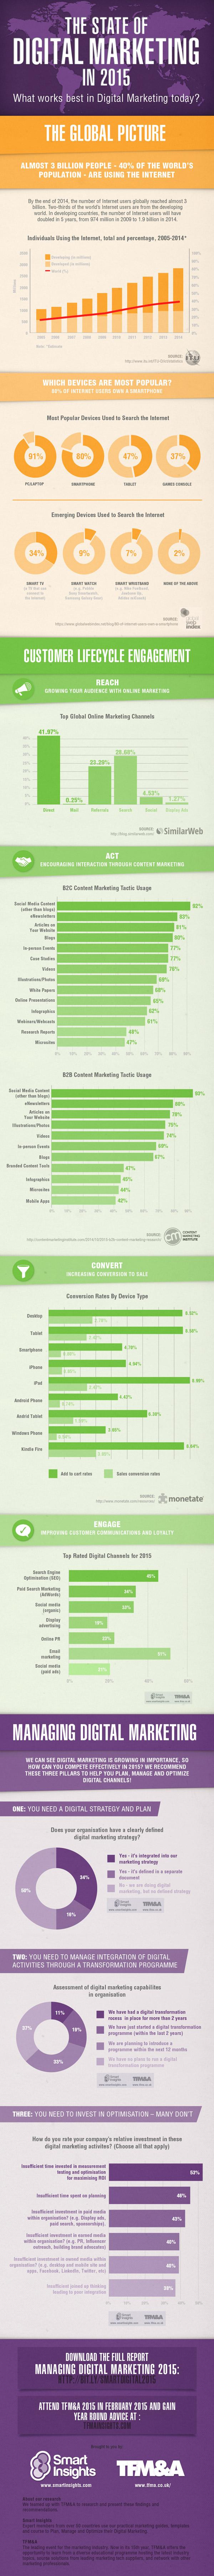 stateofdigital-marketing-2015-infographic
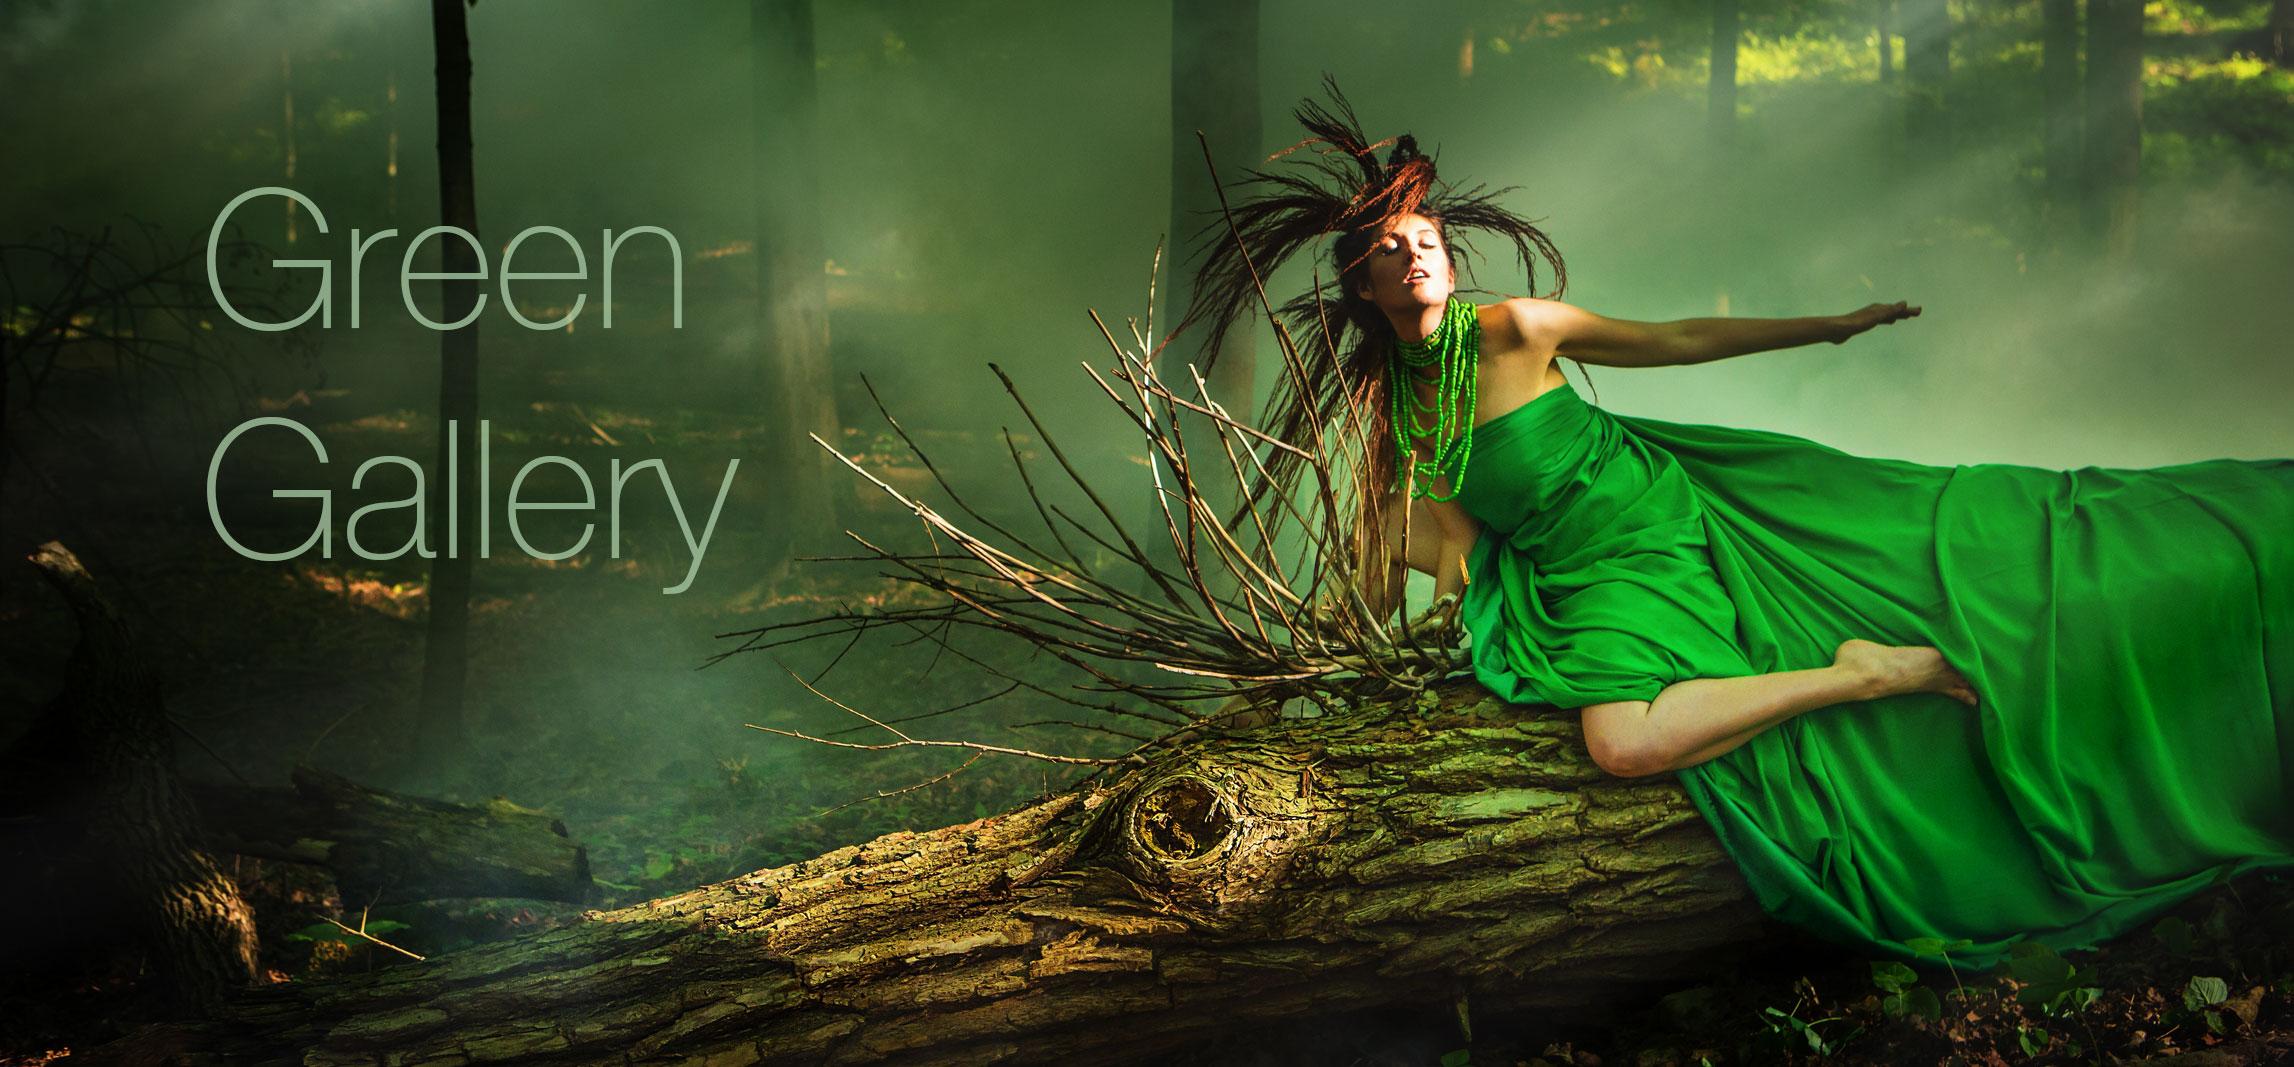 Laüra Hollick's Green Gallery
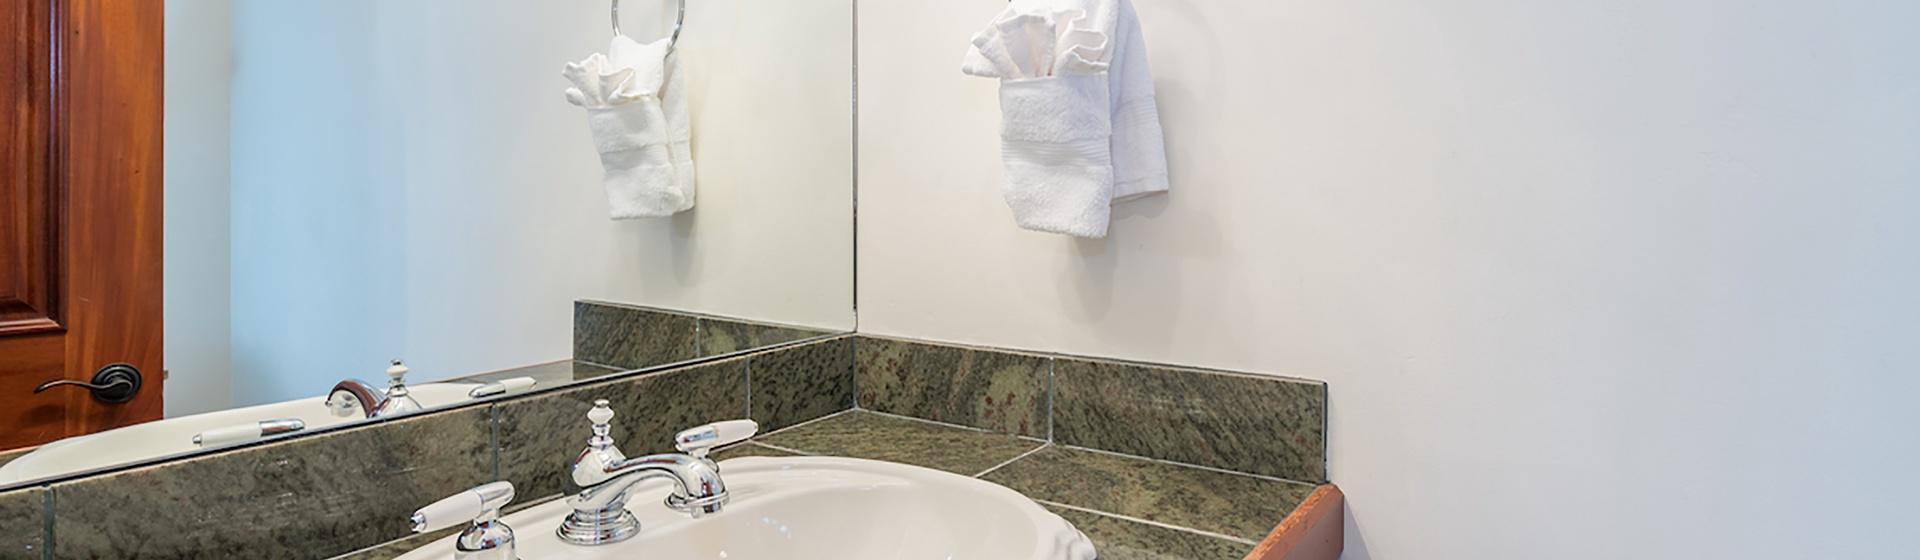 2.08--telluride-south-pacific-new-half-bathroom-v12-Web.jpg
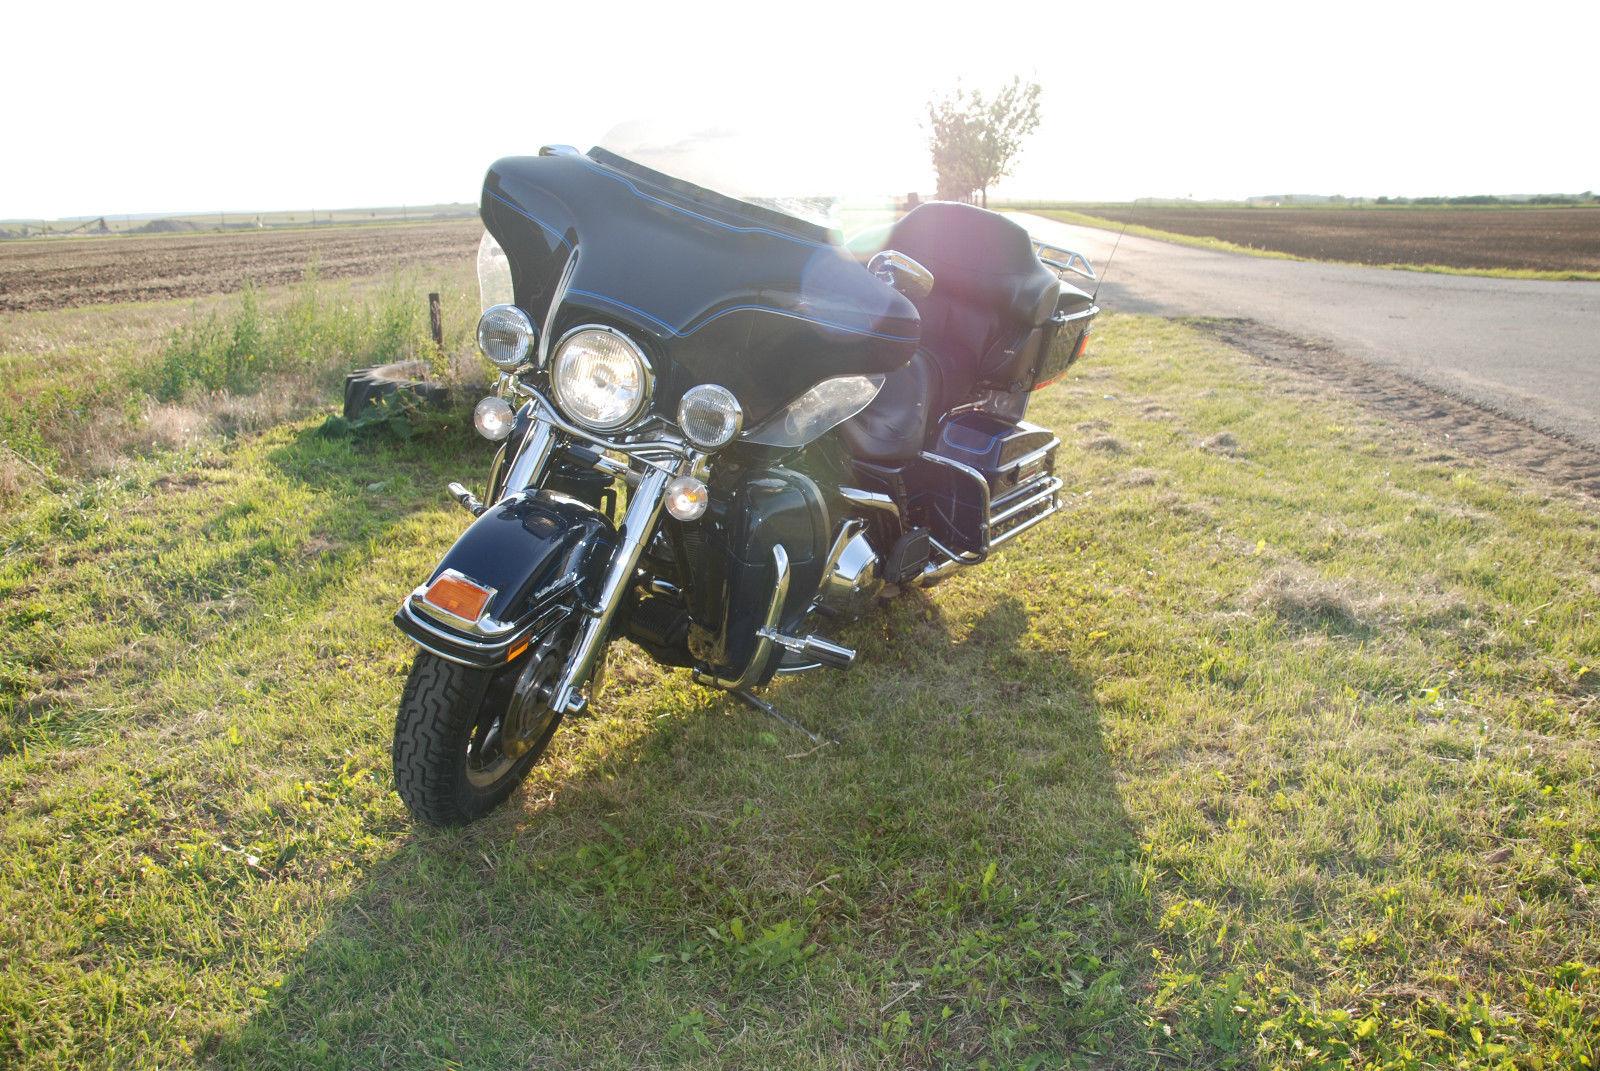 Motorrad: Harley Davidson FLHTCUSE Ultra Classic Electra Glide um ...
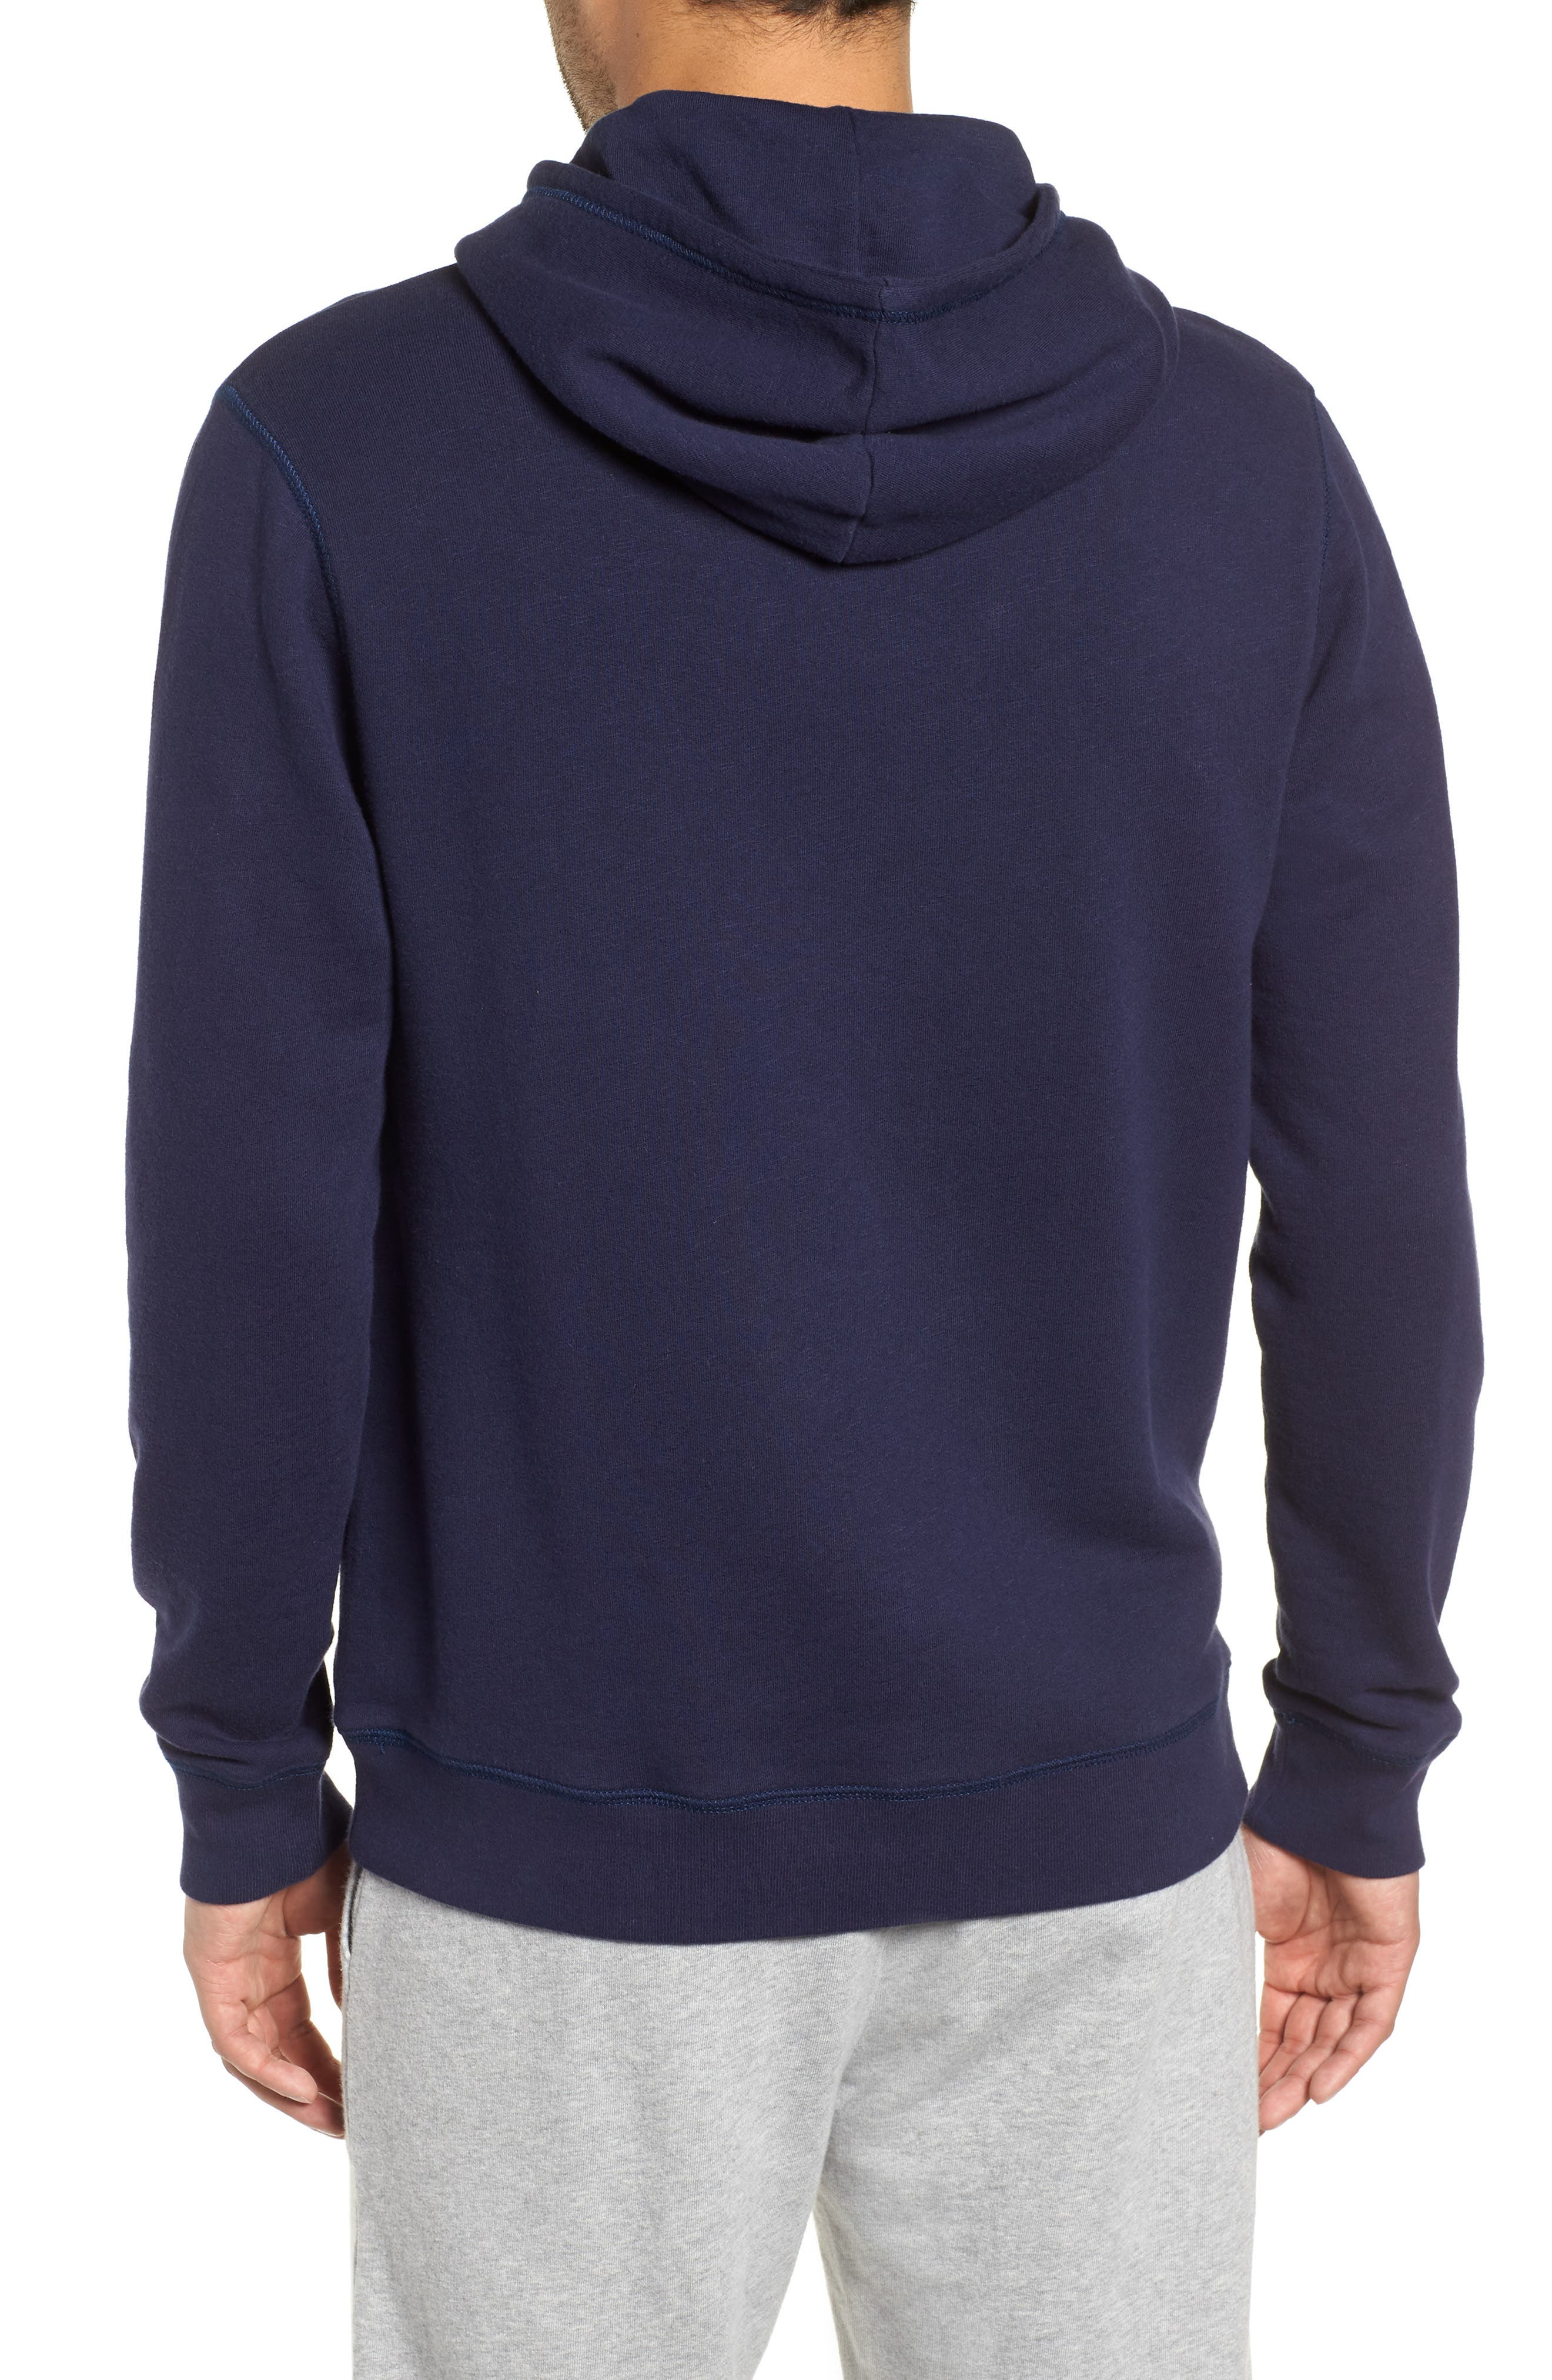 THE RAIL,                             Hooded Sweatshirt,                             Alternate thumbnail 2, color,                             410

- **Task instructions**
A word-for-word copy of the lines from the one containing "2.08--telluride-south-pacific-new-half-bathroom-v12-Web.jpg" through the last line of the records is what is wanted, without pictures and without any other line.

- **Task answer**
 2.08--telluride-south-pacific-new-half-bathroom-v12-Web.jpg
 Motorrad: Harley Davidson FLHTCUSE Ultra Classic Electra Glide um ...
 THE RAIL,                             Hooded Sweatshirt,                             Alternate thumbnail 2, color,                             410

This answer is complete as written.